We hypothesized that the processes of dementia and hearing loss are closely related; age-related changes in circulating levels of glucocorticoid and the hypothalamus–pituitary–adrenal (HPA) axis could act in combination with the processes underlying ARHL, thus resulting in the further worsening of dementia. In particular, hippocampal damage may cause HPA axis disturbances, which have been reported in patients with dementia [31, 32]. Furthermore, dementia has been associated with chronic neuroinflammation [3335]. Neuroinflammation induces glucocorticoid resistance [36, 37]. Notably, HPA and glucocorticoid resistance have been associated with sensorineural hearing loss [38, 39]. Thus, ARHL may increase the risk of dementia by disturbing the HPA axis and glucocorticoid resistance. We found that age was the most crucial risk factor for dementia (Table 2), followed by comorbidities, hearing loss, and gender.

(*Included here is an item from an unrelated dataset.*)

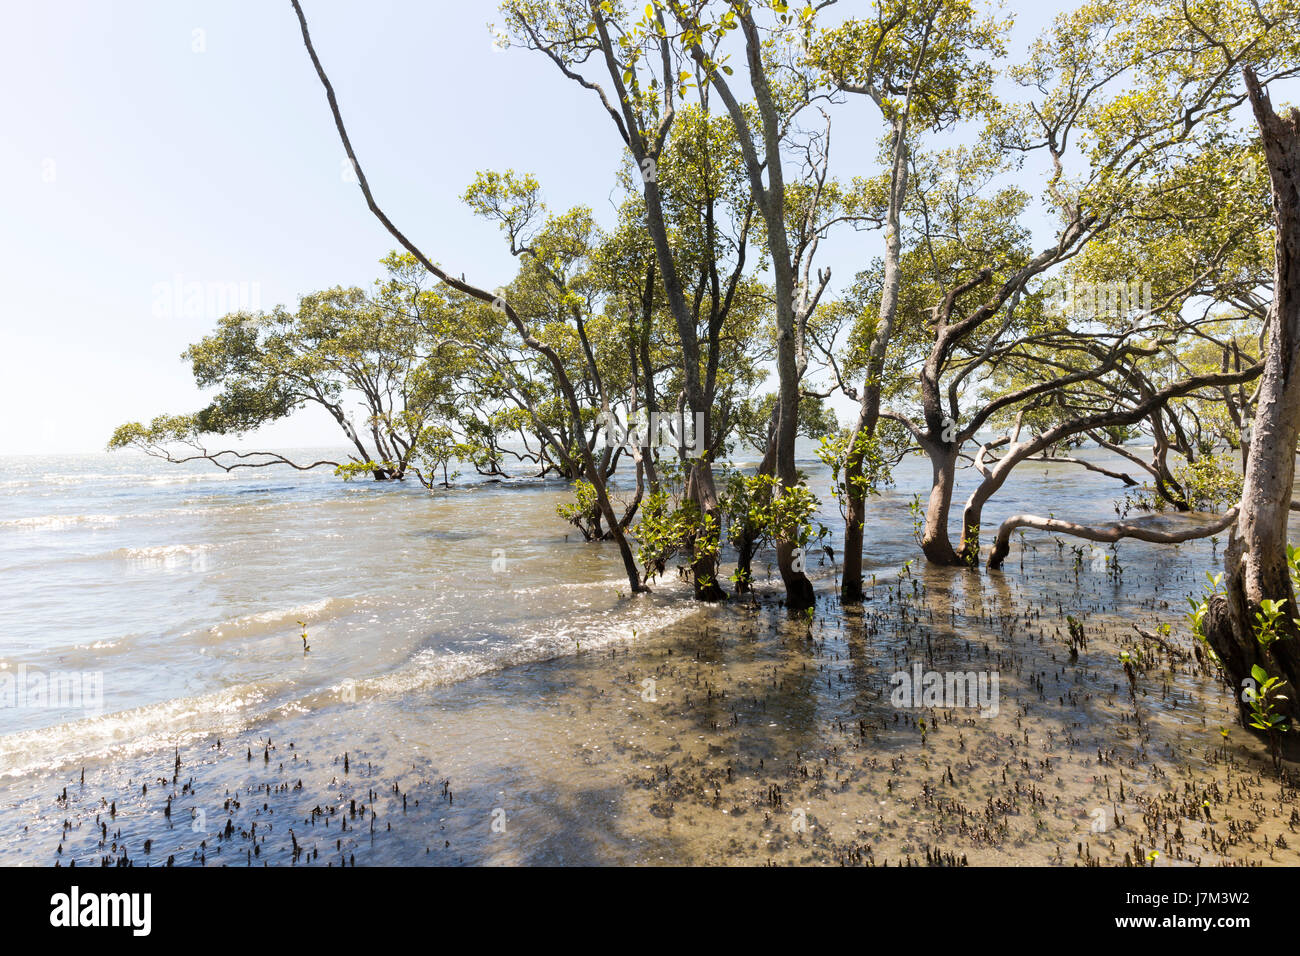 Alberi di mangrovie sulla baia. Foto Stock
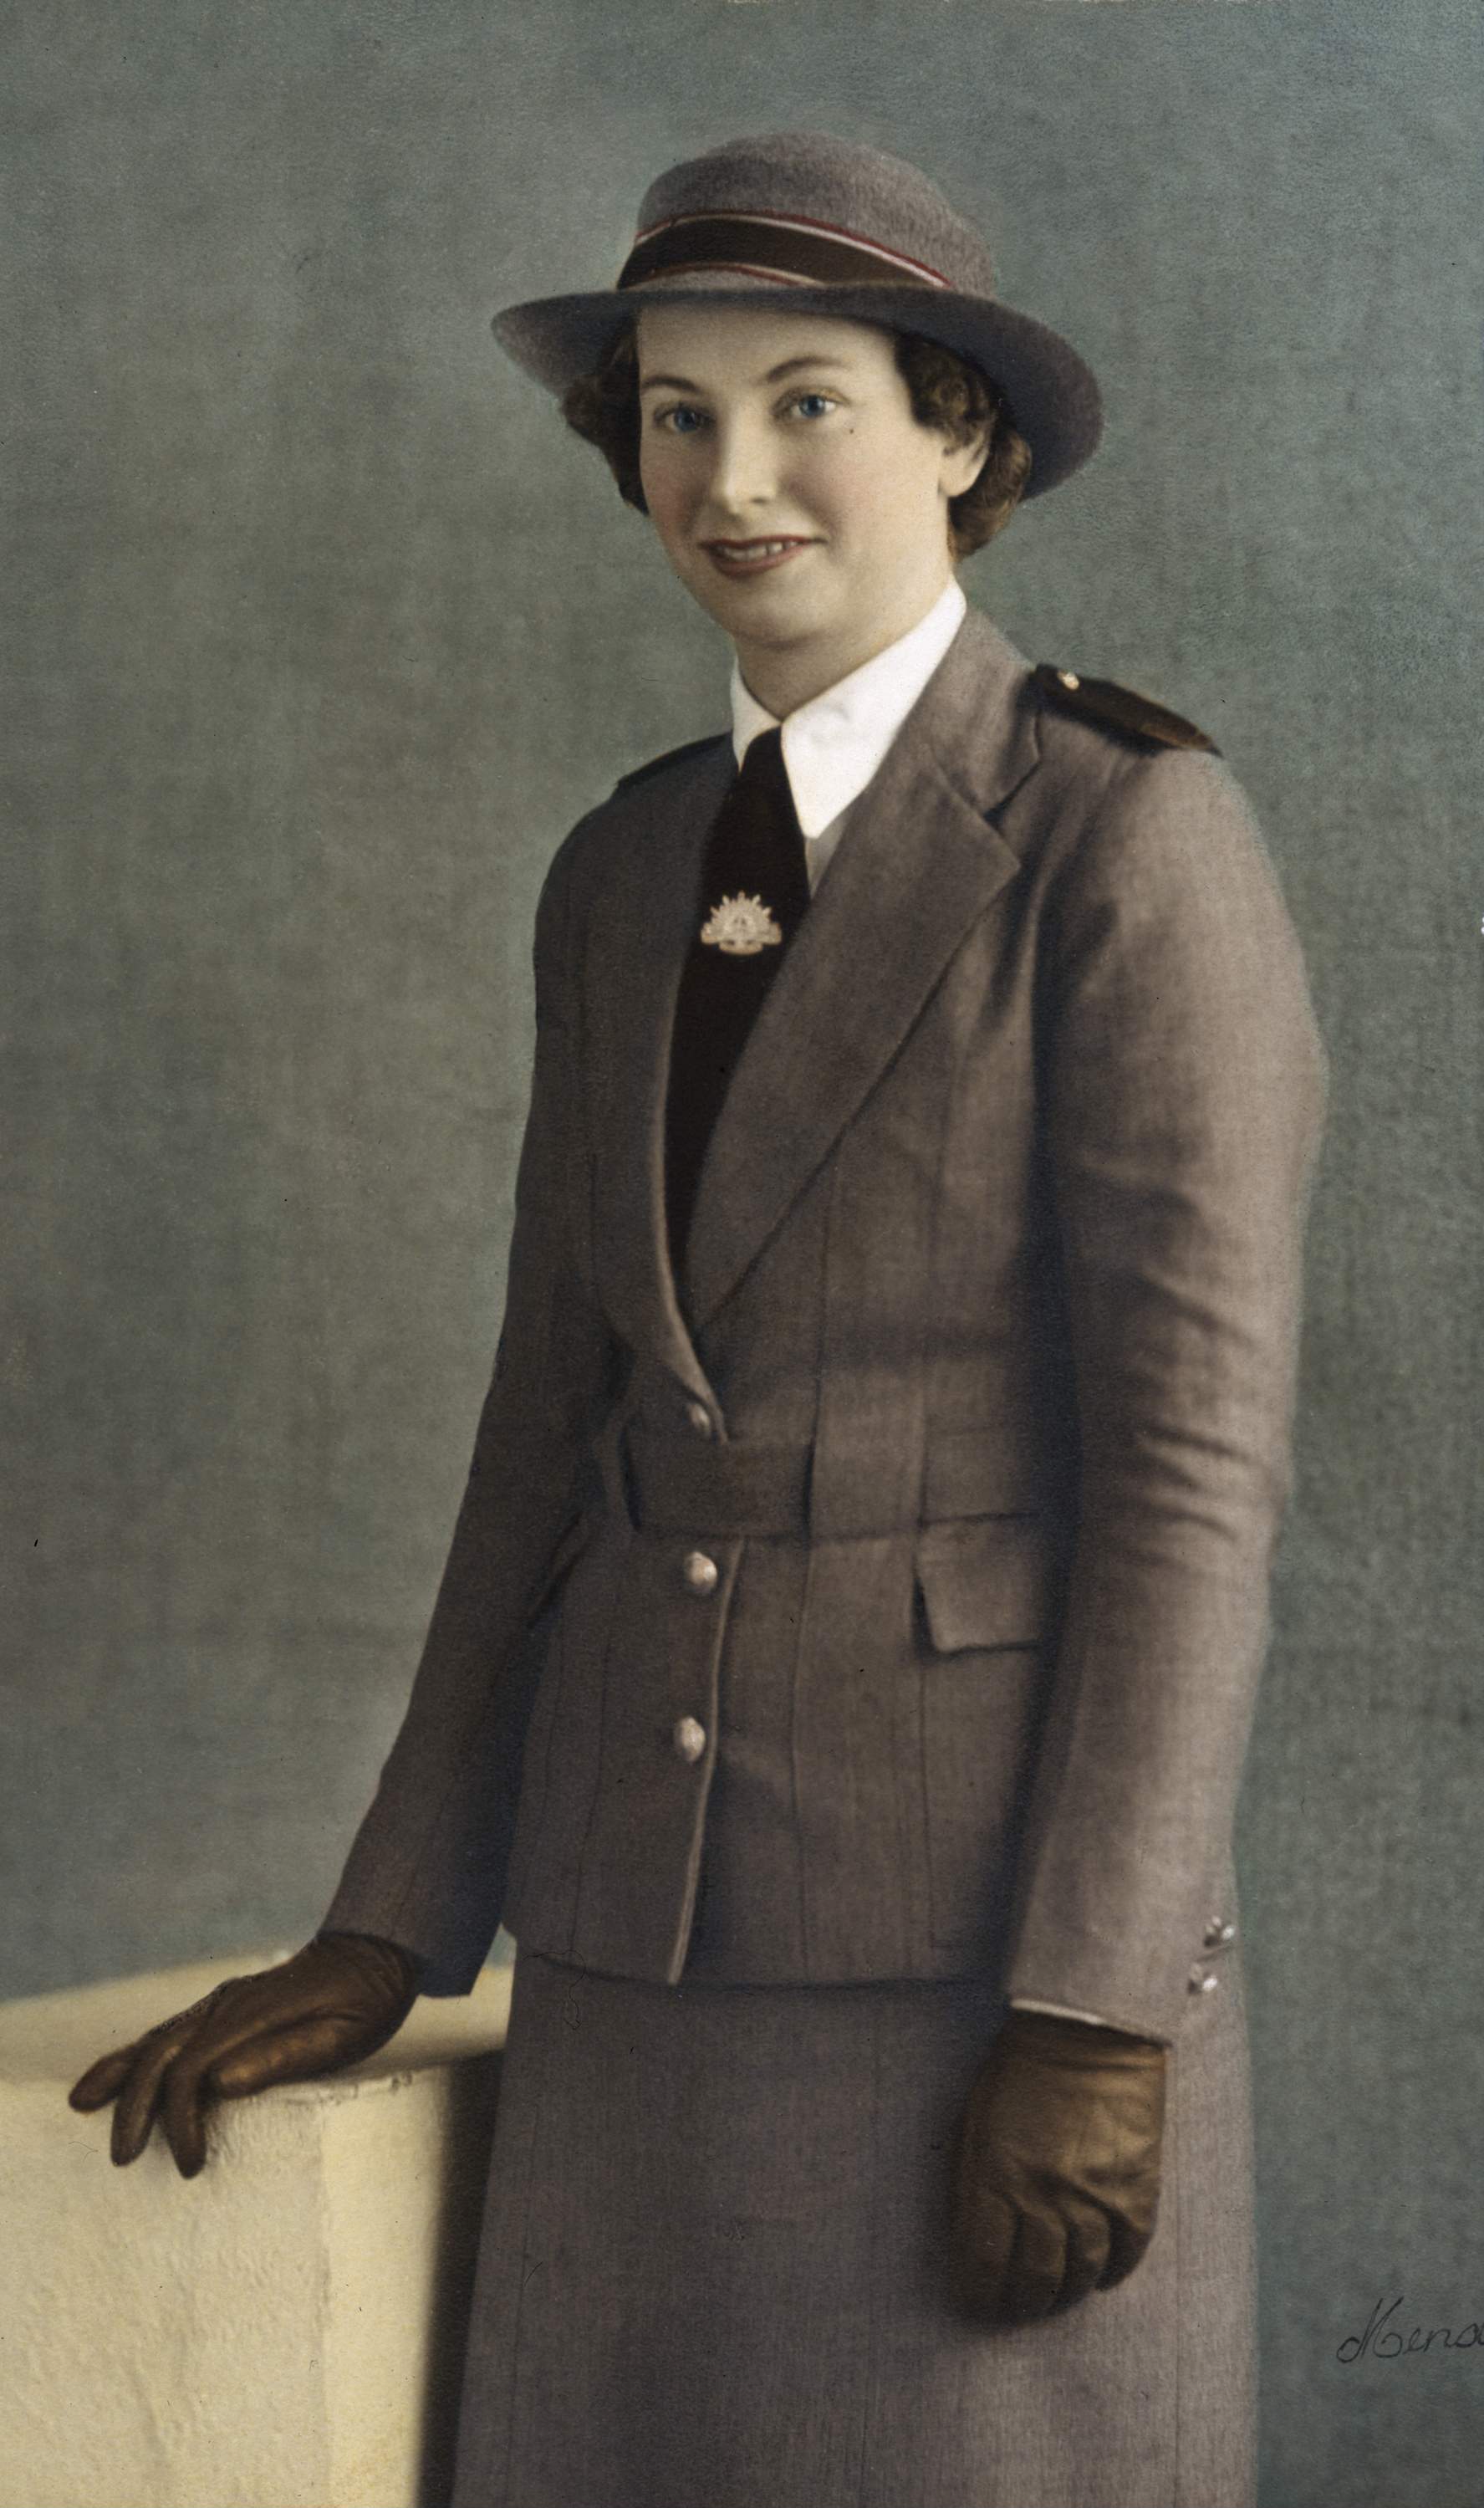 Nurse Vivian Bullwinkel, in service dress uniform.

However, the relatively small number of patients in the matched 10-year follow-up cohort presented a limitation. Therefore, changes in dementia over time could have been underestimated due to the lack of statistical power. Another limitation was that our study was a longitudinal study with diagnoses collected only from the NHIRD, risking potential bias resulting from differing diagnosis standards among individual clinicians. We identified patients with hearing loss in the NHIRD according to ICD-9-CM codes and pure tone audiometry (PTA) results were not available in NHIRD. Thus, the actual severity of hearing loss as a risk factor for subsequent dementia was not explored. An additional limitation was the lack of other demographic variables such as socioeconomic status, years of education, mood status, living arrangement, occupation, noise-exposure history, lifestyle, and family medical history, which could have provided useful information regarding other potential risk factors for hearing loss and dementia. Diagnosis of dementia has been known a big challenge for clinicians due to some unspecified symtpoms and different etioloigies. The disease is usually finally confirmed in specialist clinics. Since Data like MMSE and CDR are not available in NHIRD. In our study, we therefore narrowed the group and only selected dementia patient (ICD-9-CM codes 290, 294.1 and 331.0–331.2) with at least 3 times within 4 months and diagnosed by psychiatrists. Finally, this study used an observational design rather than an experimental one. Data on the relationship between the severity of dementia and severity (and frequency range) of hearing loss were unavailable.

Conclusion

Current recommendations for patients with ARHL include regular exams to monitor changes in PTA. As our study indicates, evidence of a possible link between ARHL and dementia exists. Physicians should be more alert of early signs of dementia which may be mistaken as a sequence for ARHL following the first 2 years of diagnosis and pay more attention to those constituing the group of high-risk dementia. These findings can potentially be used to modify the treatment of patients suffering from ARHL, especially in the first 2 years following diagnosis. Clinicians may inquire about cognitive function during preventive care protocol and could refer patients to a cognitive specialist for further evaluation and maintain their cognitive ability if a cognitive decline is reported.